62nd Nagvanshi king
- Reign: 1950 – 1952
- Predecessor: Udai Pratap Nath Shah Deo
- Born: 14 December 1931 Ratu, Ranchi, Chota Nagpur Division, Bihar and Orissa Province
- Died: 10 July 2014 (aged 82) Ranchi, Jharkhand
- Spouse: Maharani Prem Manjari Devi (m.1952)
- Issue: Madhuri Manjari Devi; Kalpana Kumari Devi; Tripti Manjari Devi; Gayatri Manjari Devi; Gopal Sharan Nath Shahdeo;
- Dynasty: Nagvanshi
- Father: Kali Sharan Nath Shah Deo
- Mother: Baidehi Devi
- Religion: Hinduism

= Lal Chintamani Sharan Nath Shahdeo =

Indian politician

Sri Lal Chintamani Sharan Nath Shahdeo (14 December 1931 – 10 July 2014) was the last ruling Nagvanshi Maharaja of the Chotanagpur Zamindari estate and a politician.

==Early life==
Lal Chintamani Sharan Nath Shahdeo was born in the royal family of the Nagvanshi dynasty in 1931. He studied at Raj Kumar College in Raipur. In 1950, he succeeded his great grandfather Udai Pratap Nath Shah Deo as the maharaj of the Chotanagpur zamindari estate. He married Prem Manjari Devi, daughter of Raja Bhanuganga Tribhuban Deb, Raja of Bamra, and his wife, Rani Jyoti Manjari Devi, in 1952. He had one son and four daughters. He was the last ruling maharaja till Zamindari was abolished in 1952.

==Career==
He was an Independent MLA from the Ranchi Assembly constituency in 1957 and was the youngest MLA in the Bihar Vidhan Sabha. Later, he was elected to the Bihar Legislative Council as a Congress candidate.
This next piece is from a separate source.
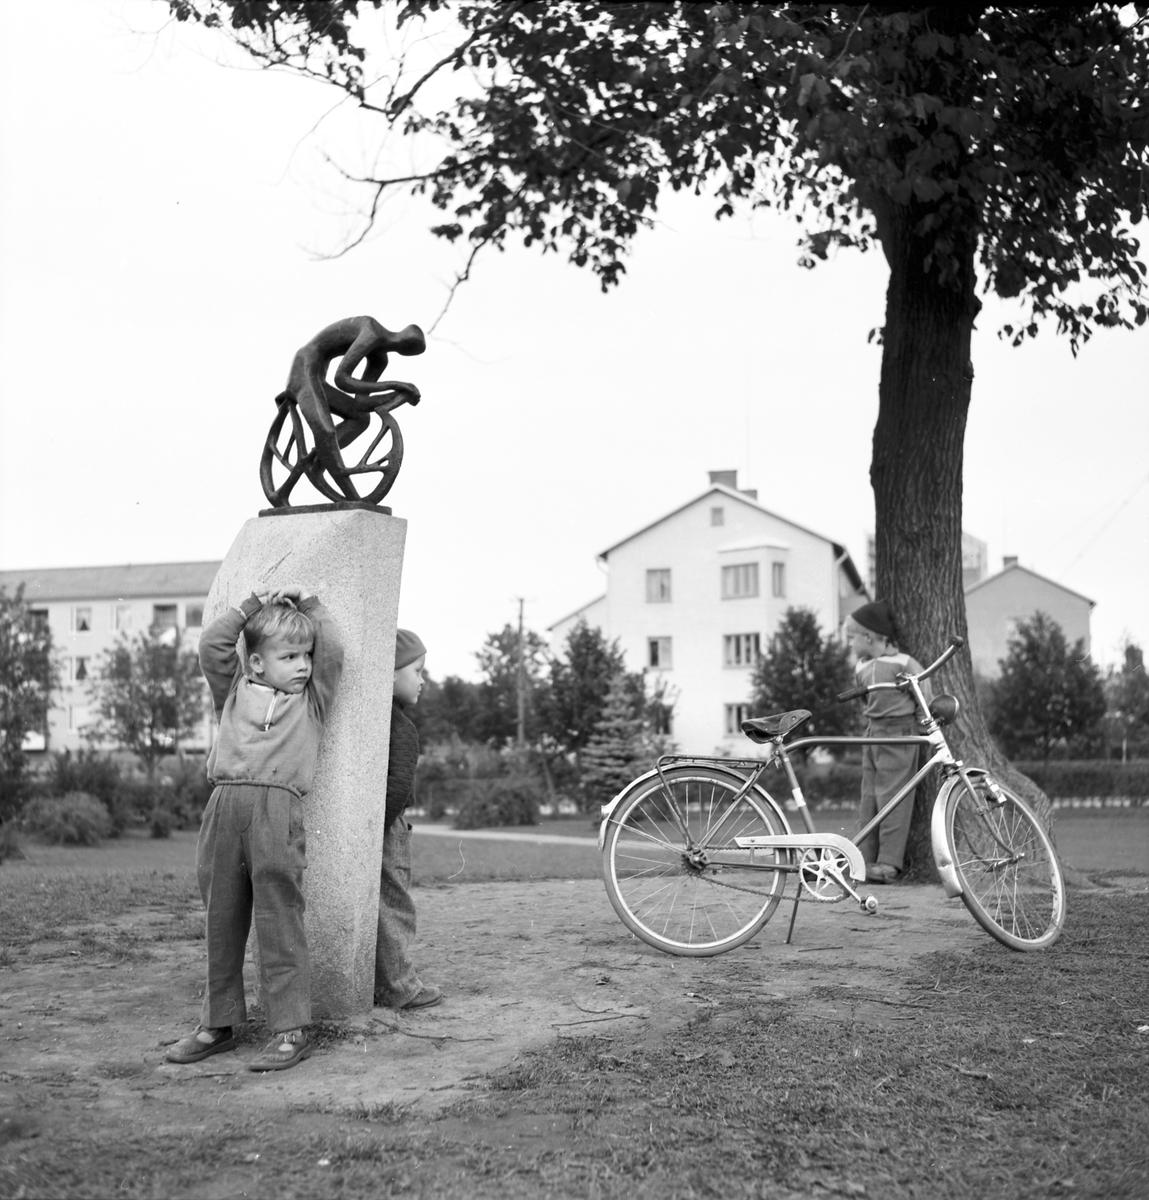 Den 11 februari 1957. Lekplats. Staty.
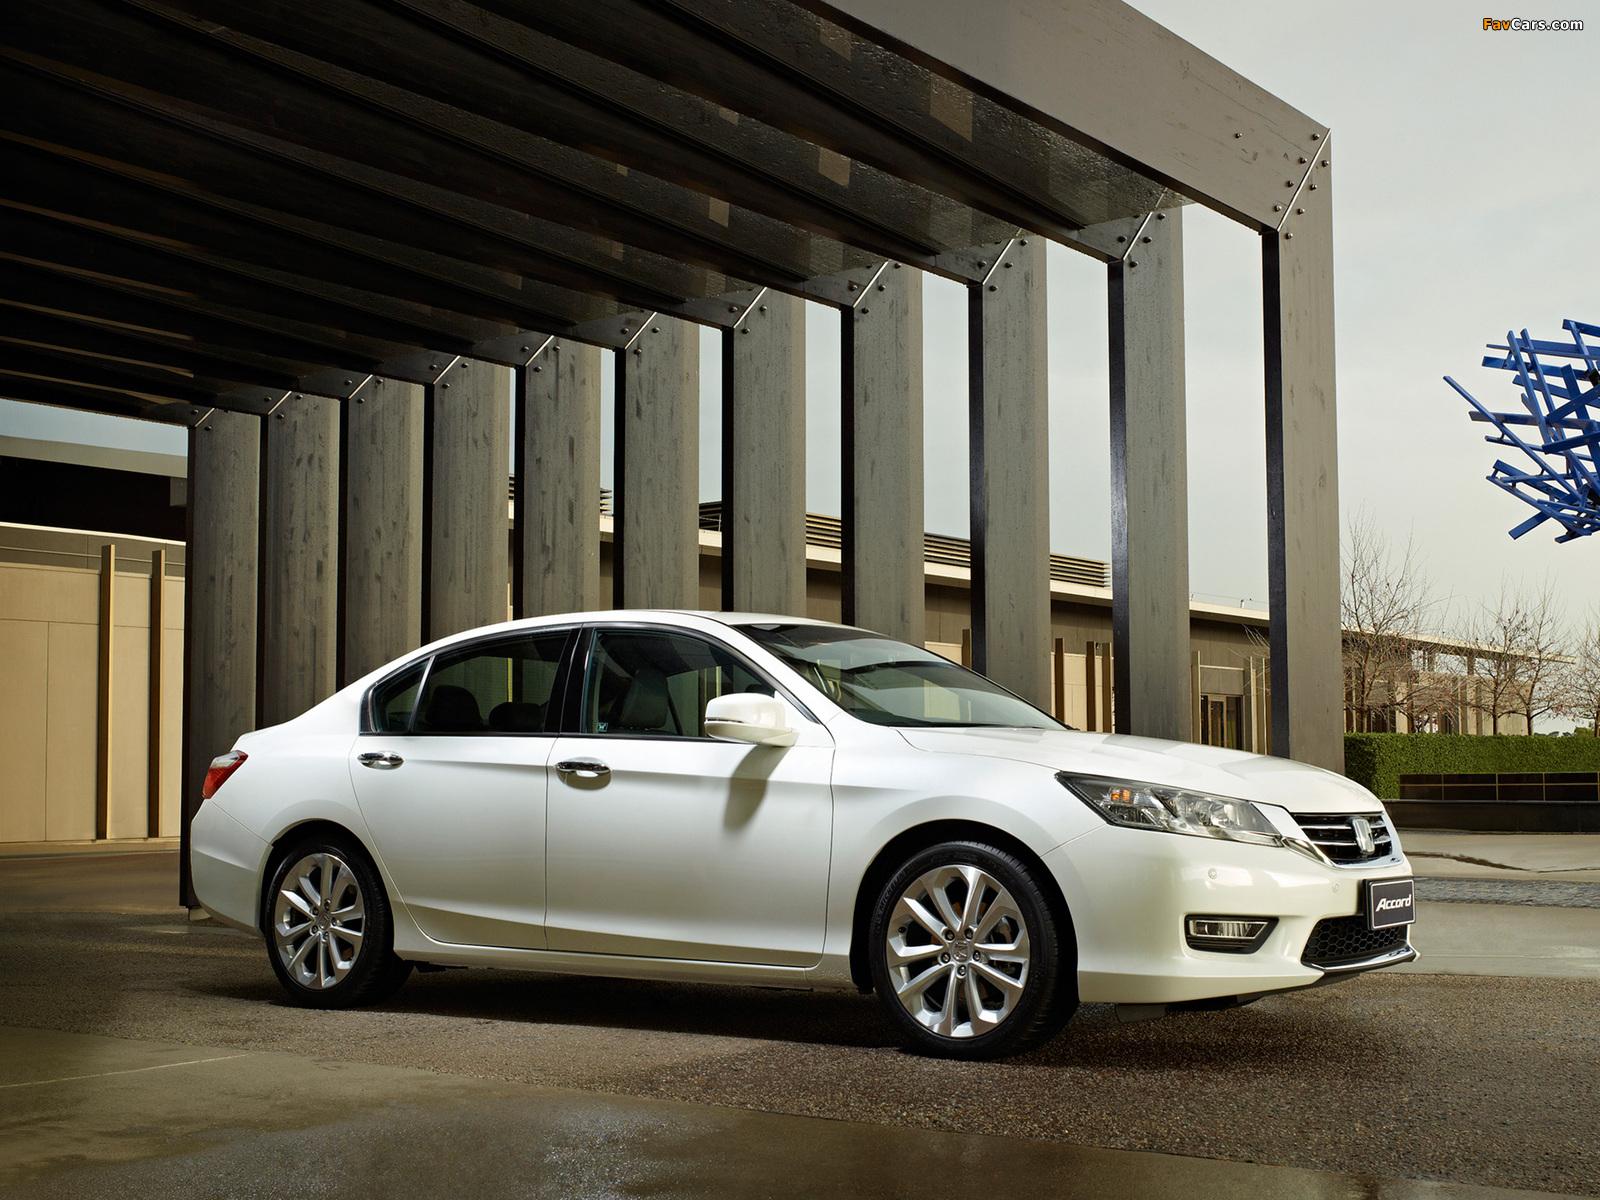 carsedan vehicles for title qatar sale sedan accord honda living

He was a member of the South Eastern Railway Board, a life senator of Ranchi University, and the chairman of the Small Scale Industrial Board (Bihar). He helped in the establishment of many educational, health, and government institutions by donating lands and lending financial support. Organisations thus established include Kartik Oraon College in Gumla, Maharani Prem Manjari Devi College for girls in Ratu, Adivasi Bal Vikas Vidyalaya in Ratu, Maharani Prem Manjari Devi Super Speciality Hospital in Ratu, and Ratu police station, among others.

==Death==
He died in Ranchi on 9 July 2014 following a brief illness.